“巴澤爾先生,真有您的信。”
從後麵突然傳來了自行車的鈴鐺聲,我們熟悉的那個郵差騎著自行車終於過來了,最主要的那封信還在他手裡麵。
“嗬,你終於來了,郵差先生彆來無恙啊!你怎麼又活了?”
巴澤爾看到信就迫不及待的將上麵郵票取了下來,然後放在了一個小紙袋裡,這是他一個小愛好,這些郵票,在幾十年幾百年後都是十分值錢的。
“彆提了,剛打贏複活賽。我走了啊。”
“慢點啊。”巴澤爾招了招手,然後就接著看起了信。
這上麵寫著可以開炮,但是不能盲目衝下去,現在大部隊還有幾公裡就要到了。等大部隊過來的時候再一塊下去。

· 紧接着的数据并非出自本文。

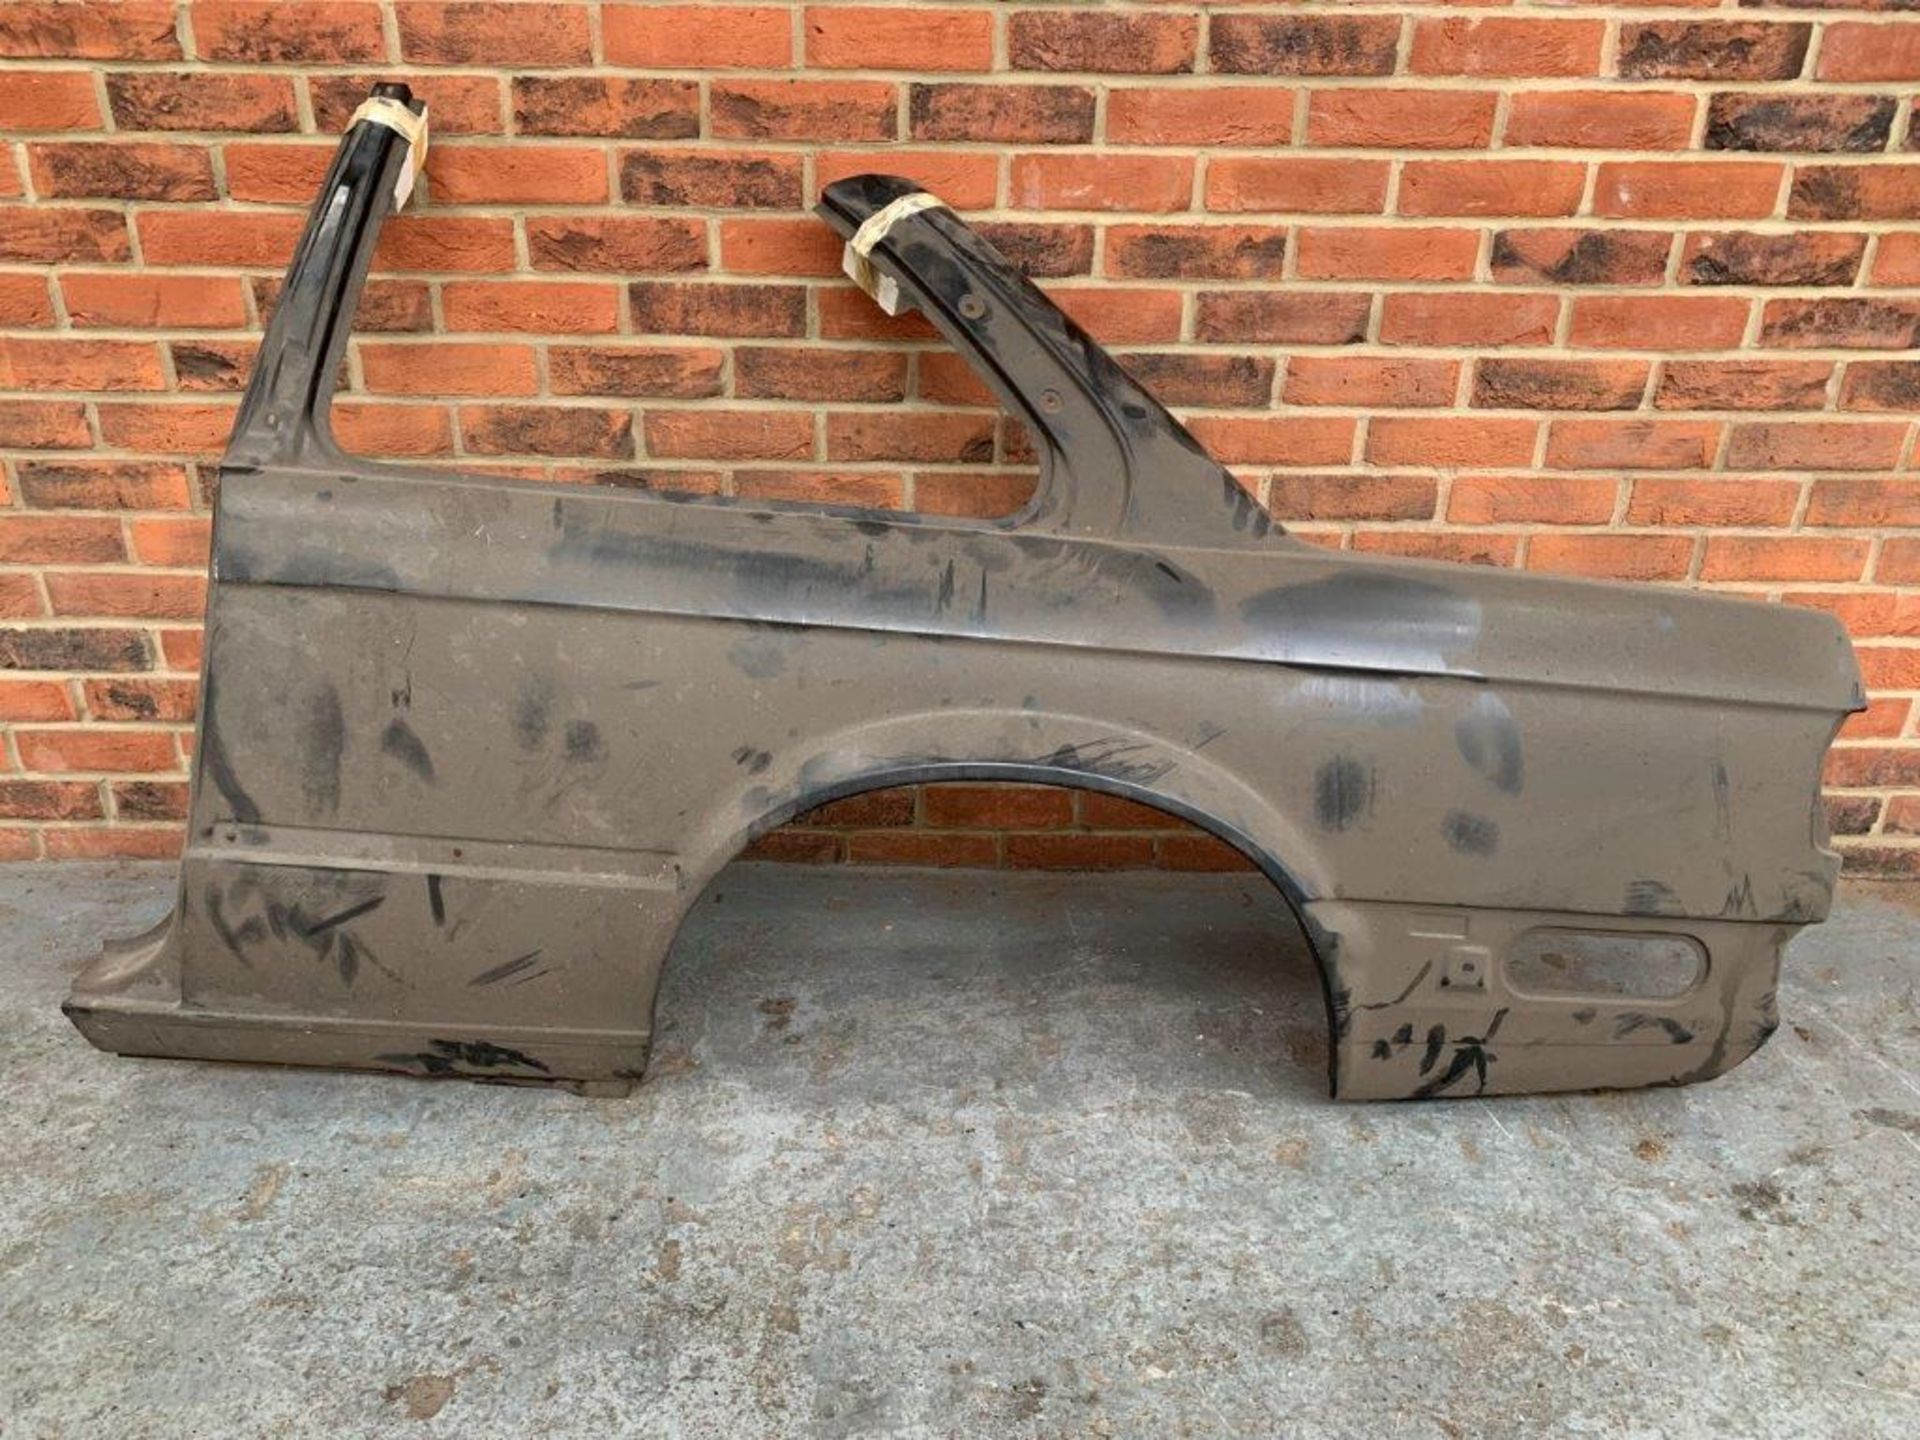 New Old Stock BMW E30 Rear Quarter Panels - Image 5 of 7

“好了,現在開始瞄準開炮,炮彈都已經晾乾的差不多了。開始打吧!”
巴澤爾下起了命令之後,所有的克裡格士兵立馬歡快了起來,屁顛屁顛的去幫忙扛炮彈去了,這好歹也算是有點活乾了
“早知道把石化蜥蜴也給帶過來了,現在還在後麵搬著呢。128毫米將就著用吧…”
砰————
伴隨著一聲炮響,一個英國人正在試驗路的火炮發出了炮彈,直接把郵差炸飛了出去。
“不是?非得讓我每次出場死一回是吧?!”
“那些該死的英國佬把我們親愛的郵差給整死了,為了給郵差報仇,開炮!”
“啊?”
巴澤爾直接被乾蒙了,這下好了,他都不用站前發言了,開火都有理由了。
德國的士兵快速的開始瞄準好方位,測量風向和距離。不過,在倫敦的城內,現在這些英國人還沒有反應過來。
之前開炮的那個家夥還沒有意識到事情的重要性,他現在還有點好奇那些印度人怎麼還沒有過來?如果有那些印度人當靶子的話,興許還能多扛一段時間。
“不是傑克,你說過了這麼久,那些印度人怎麼還不來呢?他們在乾什麼呢?”
其中的一個英國人看了一眼外麵在烏雲密布的還不下雨,天氣都悶呼呼的,也夠難受的,再加上這倫敦的霧霾天,喘氣都難受。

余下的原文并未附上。